EI Portfolio Performance History

  • From inception under Brent Cook's lead in February 2008 through year-end 2010, the Exploration Insights' portfolio performance was strong from the Global Financial Crisis to the continuation of the Commodity Super Cycle, returning an average gain of 173% on the sold positions and a gain of 319% on positions held at year-end.

  • In 2011, the mining sector, and particularly the junior sector as measured by the S&P TSX Venture Index (S&P TSXV), began to collapse, falling 26% in 2011, 23% in 2012, and a further 59% in 2013. By comparison, the Exploration Insights portfolio showed a loss of 2% in 2011, was down 14% in 2012, and off 18% in 2013.

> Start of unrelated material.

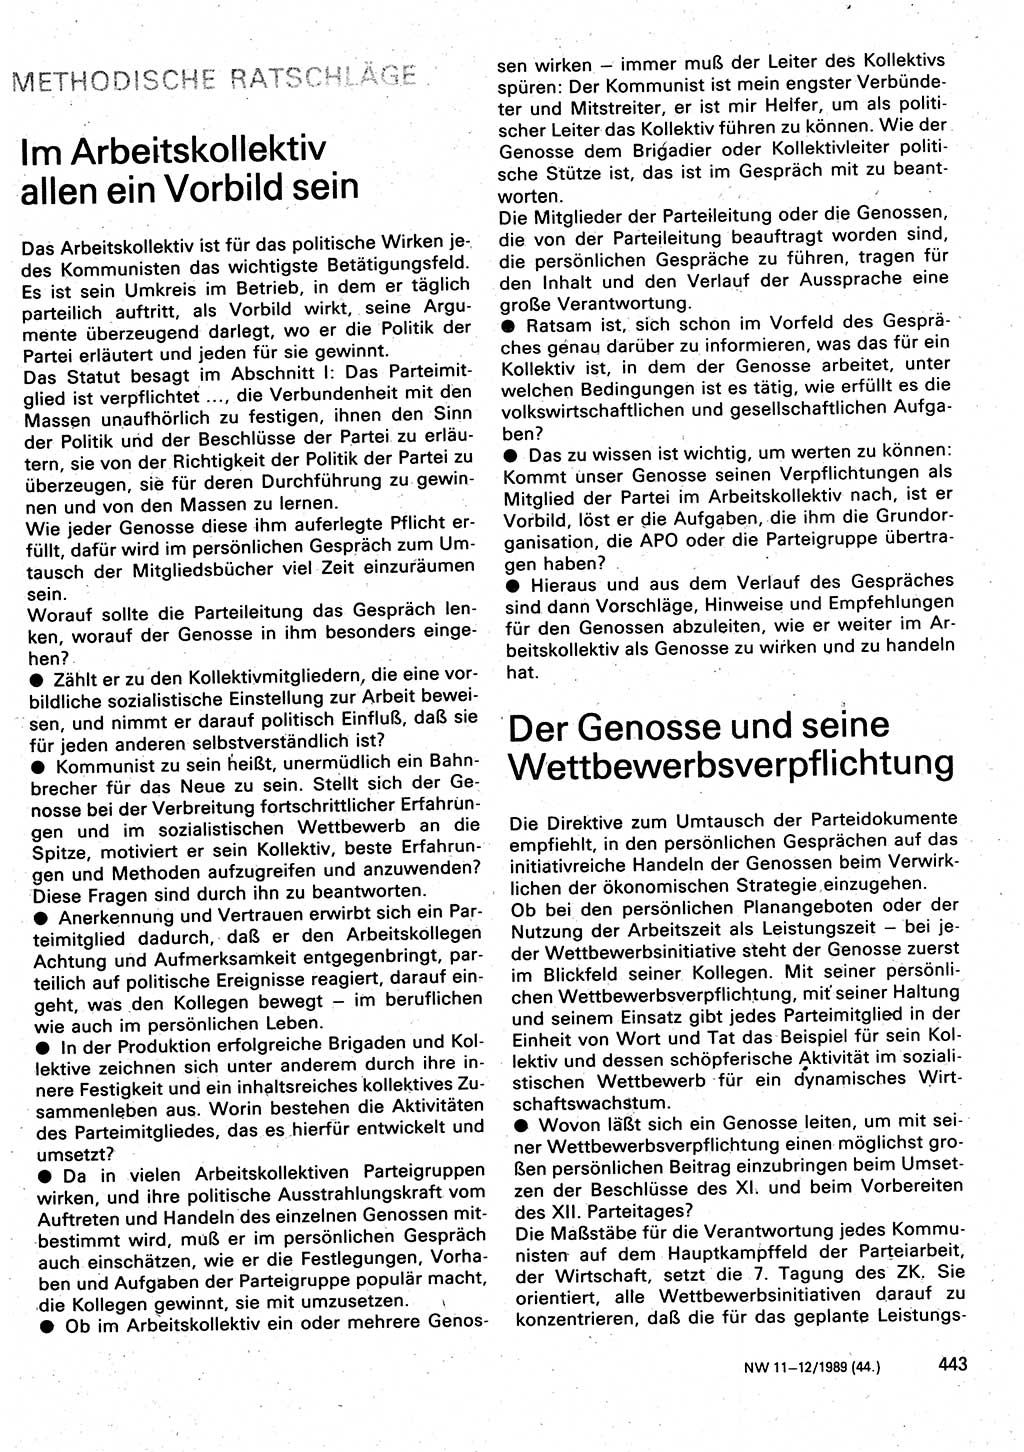 Neuer Weg (NW), Organ des Zentralkomitees (ZK) der SED (Sozialistische Einheitspartei Deutschlands) für Fragen des Parteilebens, 44. Jahrgang [Deutsche Demokratische Republik (DDR)] 1989, Seite 443 (NW ZK SED DDR 1989, S. 443)

  • In 2014, mining and metals were down again, with the Gold Bug Index (HUI) off ~18% (~38% from the 2014 high) and the S&P/TSX Global Mining Index (TXGM) down ~15% on the year (~26% from 2014 high). The GDXJ also had another bad year: off ~25% and down ~45% from its July peak. Worse still, the GDXJ fell a remarkable 86% from its high set in early 2011. The unweighted performance of the Exploration Insights portfolio for 2014 was a positive 18%. The strong performance reflected the sale of a few companies that had made metal discoveries before 2014, and the discipline to sell companies when results did not meet the investment theses.

  • 2015 was a dismal year for miners, metals, and nearly all commodities and major markets. The Bloomberg Commodity Index was off 26%, metal demand was down 5.1%, and base metal prices were off 25% to 30%. The precious metal indexes were also down (HUI -32%, GDXJ -20%) while the TSX Venture Exchange hit an all-time low. The Exploration Insights portfolio finally succumbed to the bear market, showing an unweighted loss of 6%. In November, our cautious strategy turned somewhat more aggressive towards gold producers and explorers, to position ourselves for the future by owning solid companies and assets rather than betting on a rising tide.

  • I joined Exploration Insights at the end of 2015 as Brent Cook thought that 2016 would prove to be the year to actively buy the few high-quality deposits, mines, and management teams available. 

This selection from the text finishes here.